Intersectionality

Intersectionality at a Dyke March in Hamburg, Germany

Intersectionality or intersectional theory studies the relation between the many different ways that people are kept in a lower social position, controlled, and left out of important parts of society because of their differences. Kimberlé Williams Crenshaw gave the name "intersectionality" to this concept in 1989.

Sometimes a society decides that a group of people are different from themselves. When they do this, they other that group, or marginalize them. Intersectionality points out that people are often othered for more than one reason. These reasons might be gender, race, class, ability, sexual orientation, religion, caste, age, nationality, language, or other parts of identity. Because of this, it suggests that these types of othering cannot be looked at by themselves. They must be looked at together. For example, a person can be othered because they are a woman, a person of color, a poor person, and a disabled person at the same time. These different forms of othering make each other worse, shape each other, and prop each other up. This means that the experience of being othered for all of these reasons is different from what would happen if you added them all up. Because of this, fighting each one alone would not help the people who experience many of them at the same time.
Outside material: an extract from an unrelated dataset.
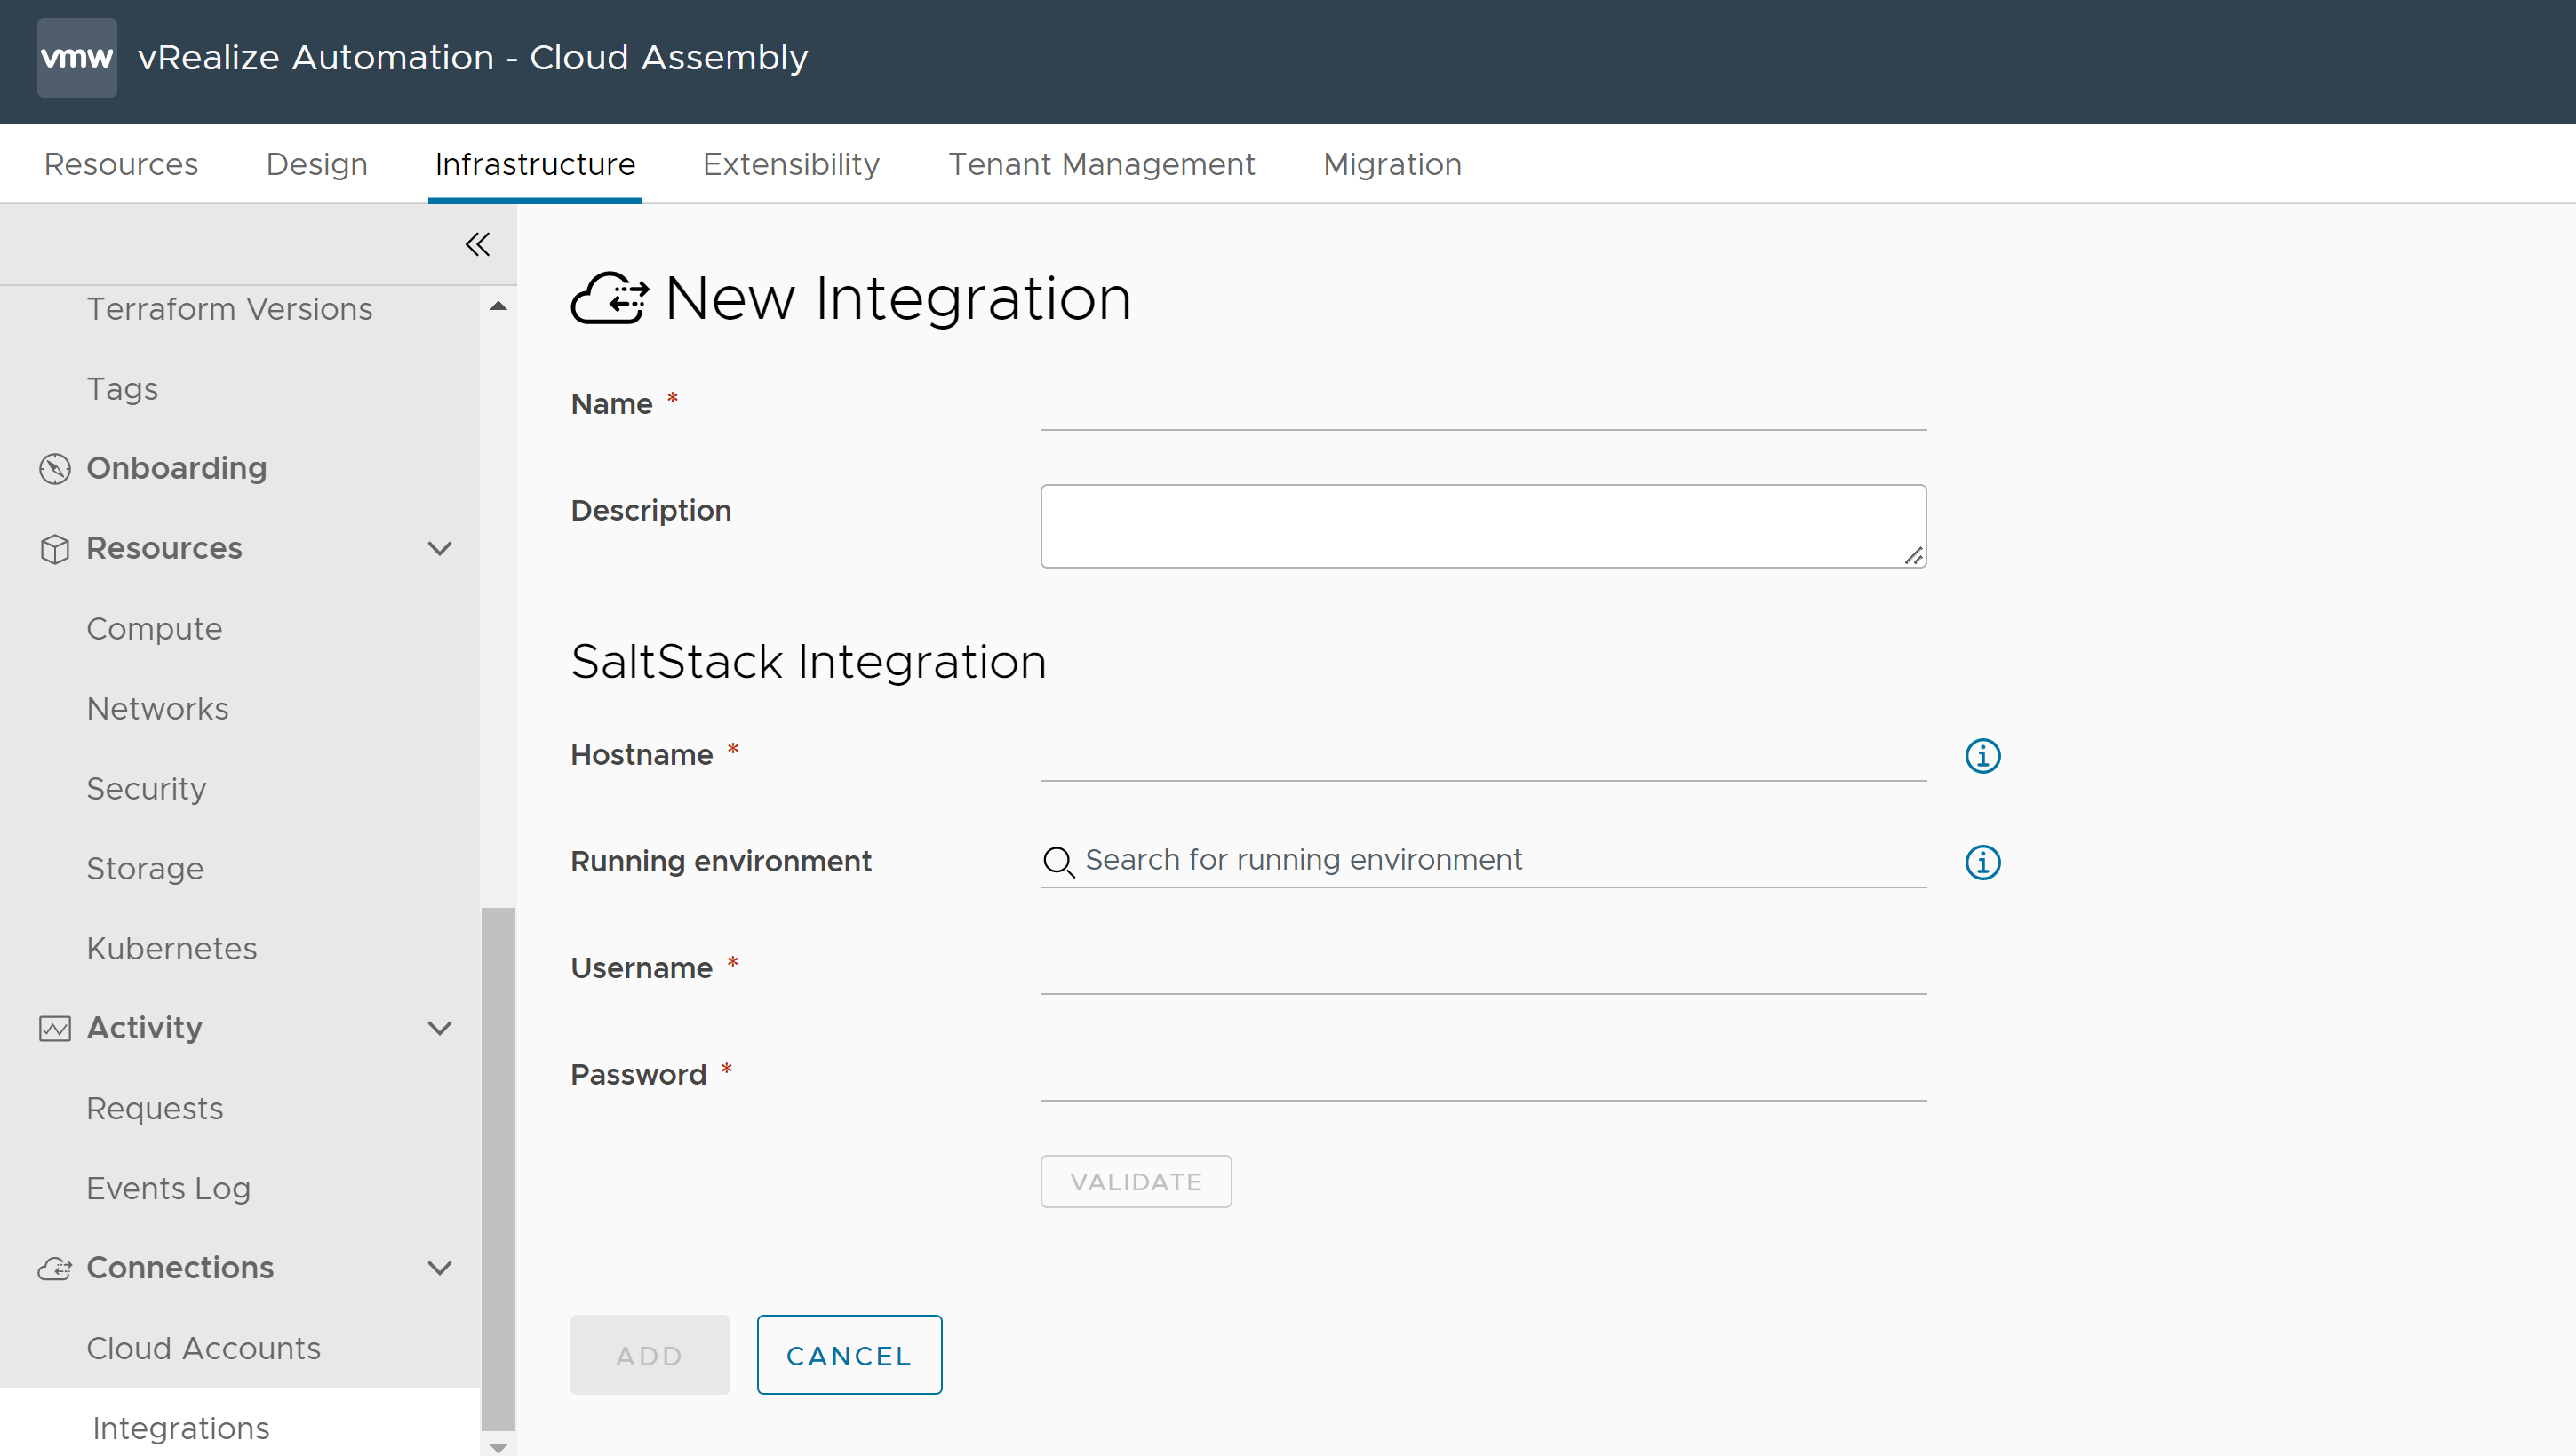 Formulario para crear una integración nueva en Cloud Assembly

Intersectionality says that the different ways people are othered and forced into a lower social position, such as racism, sexism, classism, ableism, homophobia, transphobia, xenophobia and bigotry based on belief, create an entire system. In this system, each of the ways people are held down by society contributes to the other. So if someone wanted to understand how a society began to other a group of people as a race apart from themselves (racialization), they would have to look into the ways that gender, class, sexuality, and other parts of identity shaped this process.
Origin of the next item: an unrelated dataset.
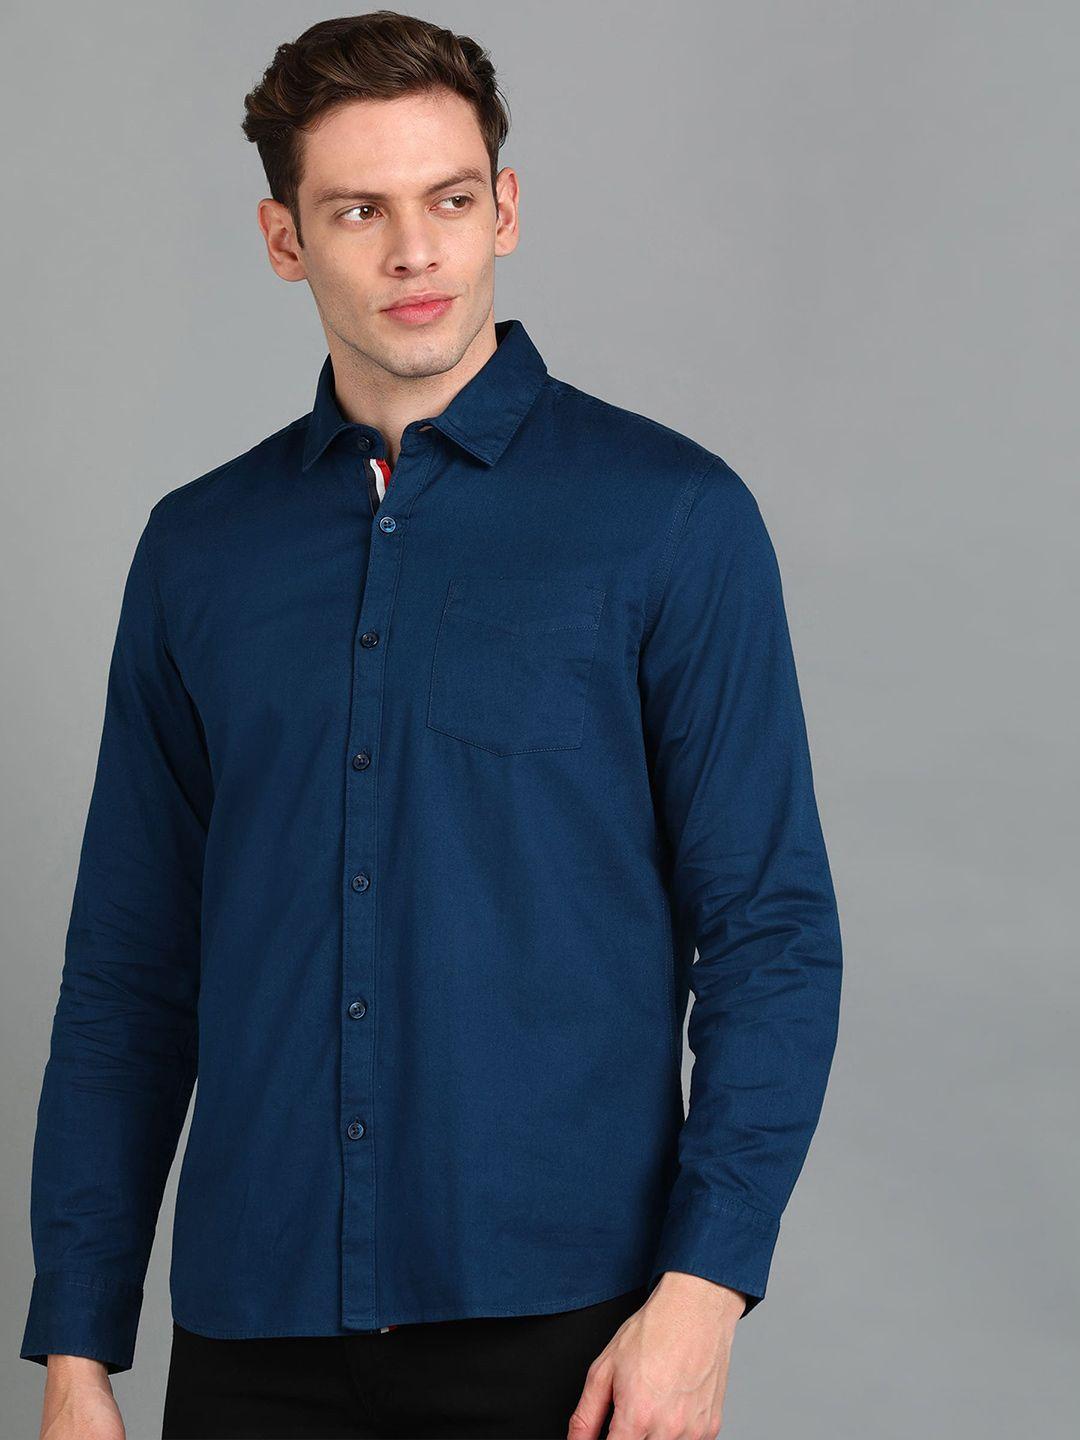 urbano-fashion-spread-collar-slim-fit-pure-cotton-casual-shirt

Intersectionality began as a way to understand the ways that women of color in American society were othered. The women who developed the theory were challenging the feminism of their time. They saw it as being too focused on the issues of wealthy white women. They felt that this left behind the women who needed feminism the most, and only helped the women who already had the most power. They were also criticizing the Civil Rights Movement. They saw it as being too focused on men and leaving women of color behind. They believed they had a place in both of these movements, and that these parts of their lives could not be separated. Intersectional theory quickly grew to include the relation between all of the many other ways that people are othered and kept in a lower social position, such as sexuality, ability, and the gender binary.